What the exercise asks. From the line containing "Sam Finch was" to the last line of the listing, transcribe exactly and add nothing else; keep both ends and omit pictures.

Data shown.
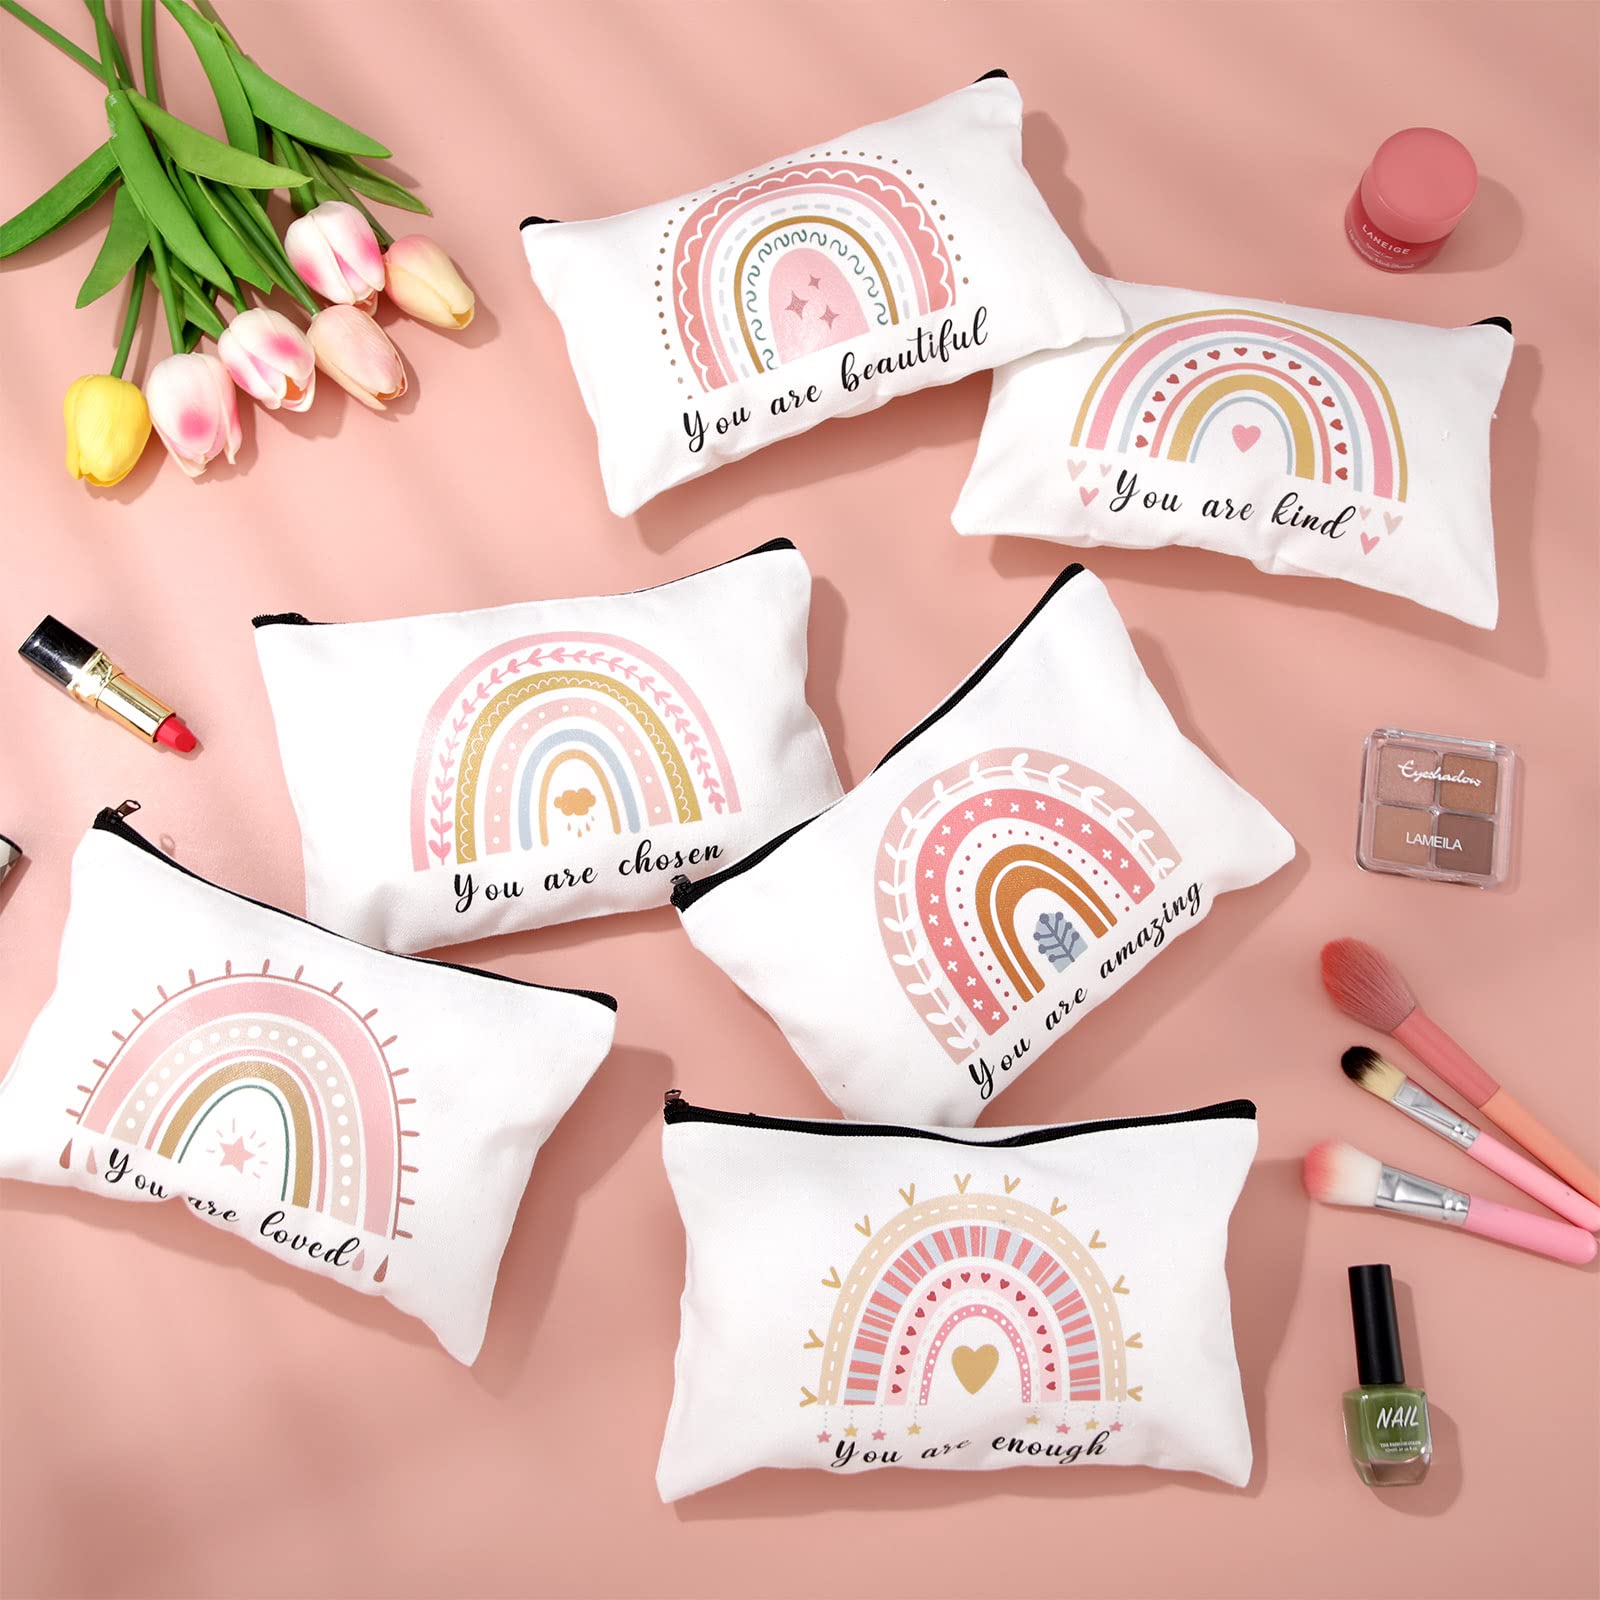 12 Pieces Rainbow Cosmetic Bag Inspirational Quotes Canvas Makeup Bags Bulk Inspirational Gifts for Girl and Women, Travel Pouch Toiletry Bag with Zipper Friendship Teacher Graduation Christmas Gift
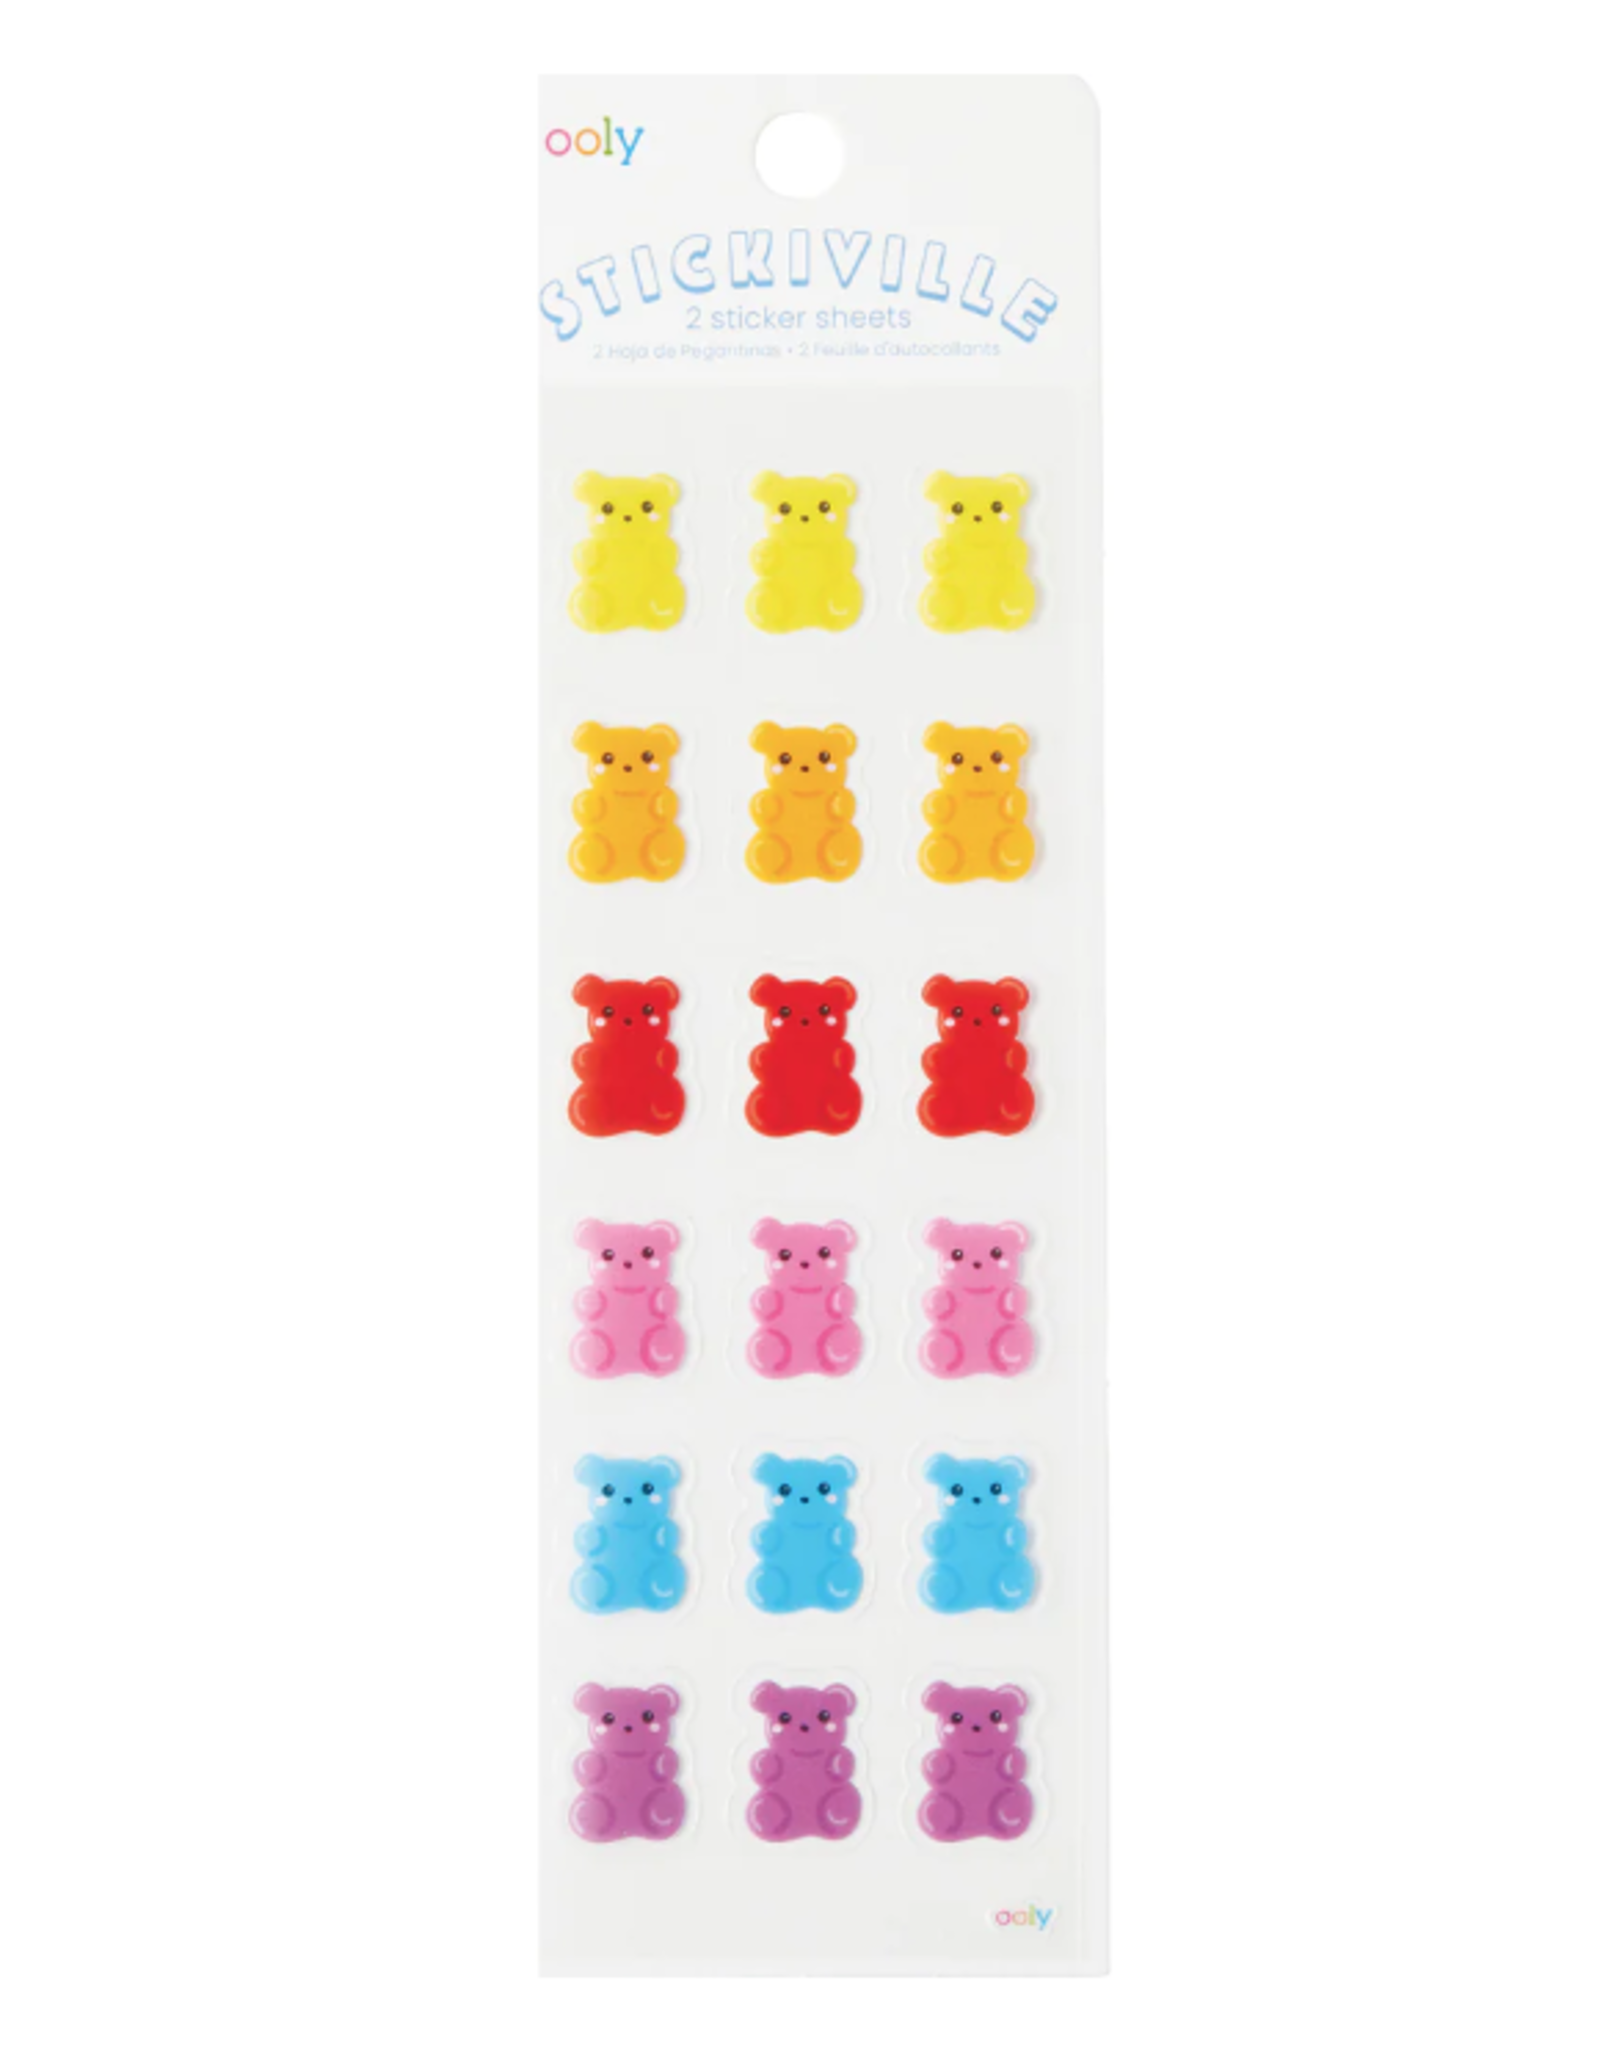 Ooly Stickiville Gummy Bears Stickers
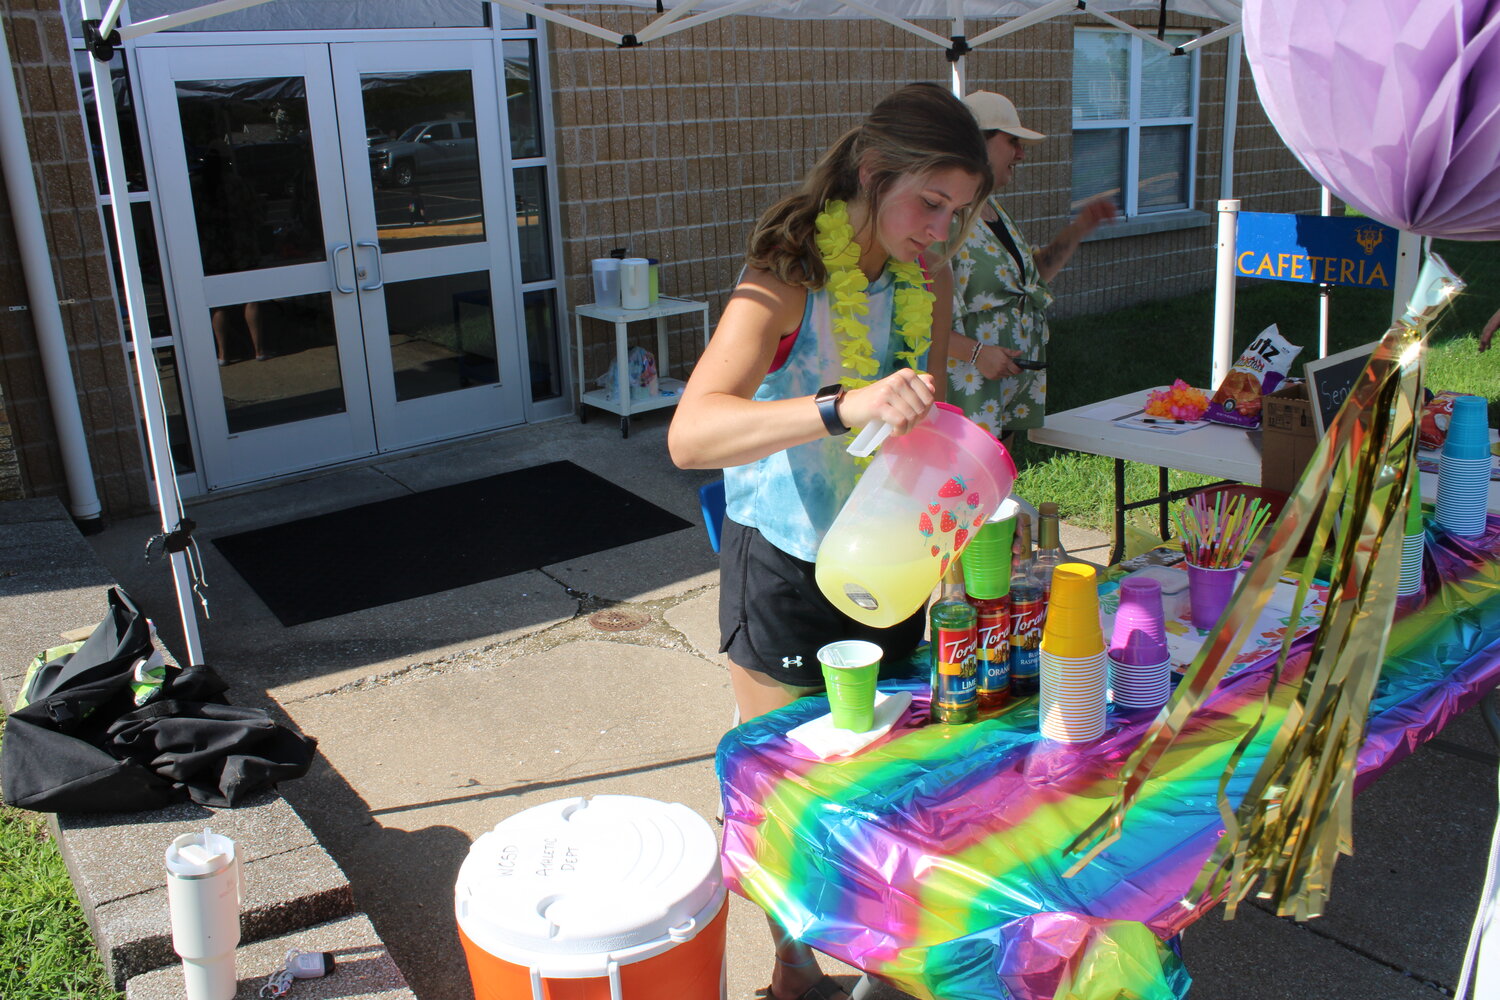 Sam Finch was helping run the lemonade stand that provided free drinks for the students who were out with their designs. The lemonade was provided by the class as a whole so no one had to pay for it.
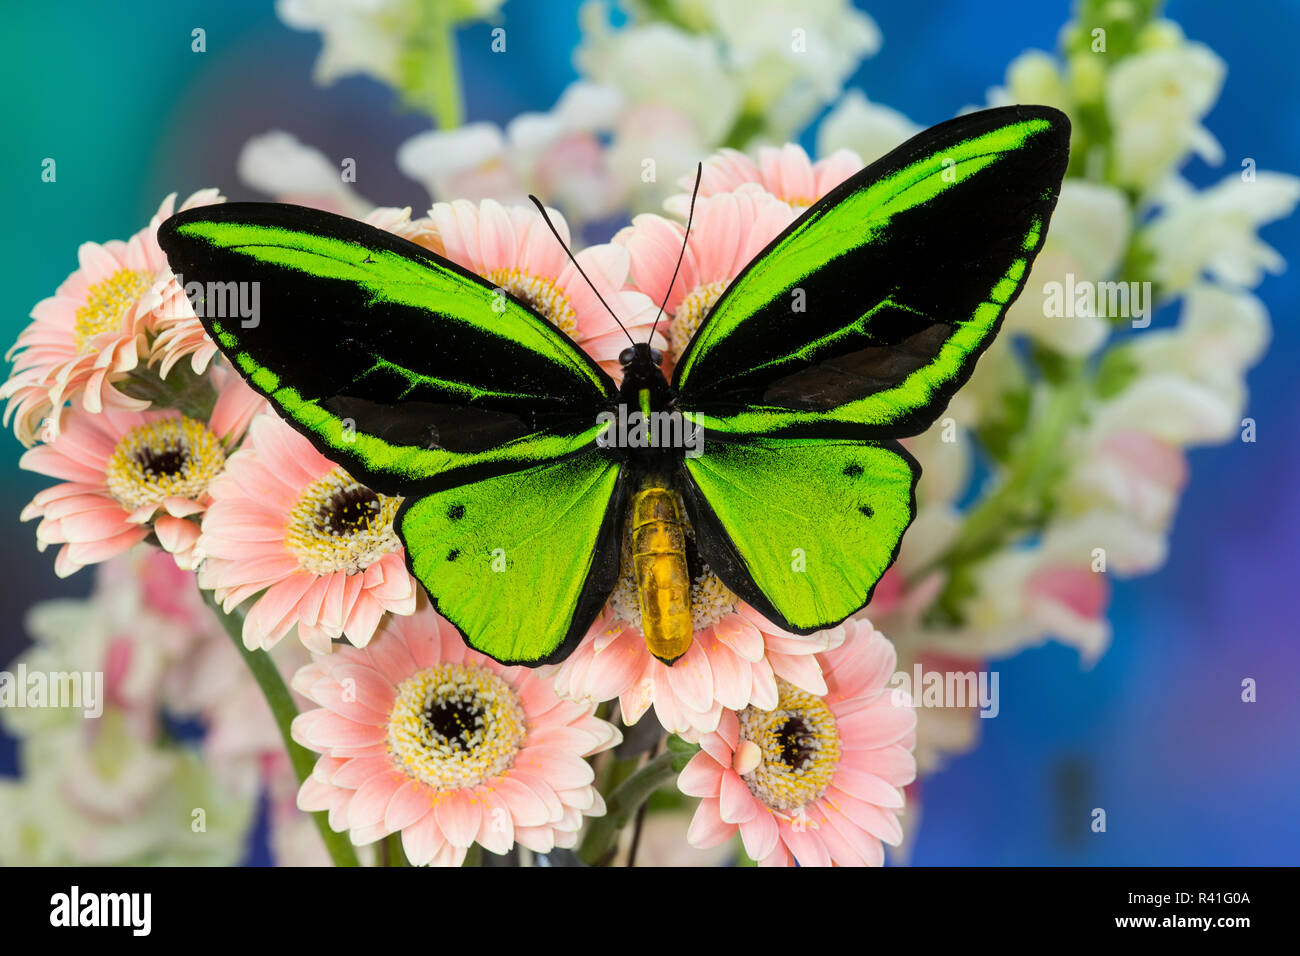 Male tropical butterfly Ornithoptera a Birdwing butterfly on Pink Gerber Daisy Stock Photo

Your solution.
 Sam Finch was helping run the lemonade stand that provided free drinks for the students who were out with their designs. The lemonade was provided by the class as a whole so no one had to pay for it.
 Male tropical butterfly Ornithoptera a Birdwing butterfly on Pink Gerber Daisy Stock Photo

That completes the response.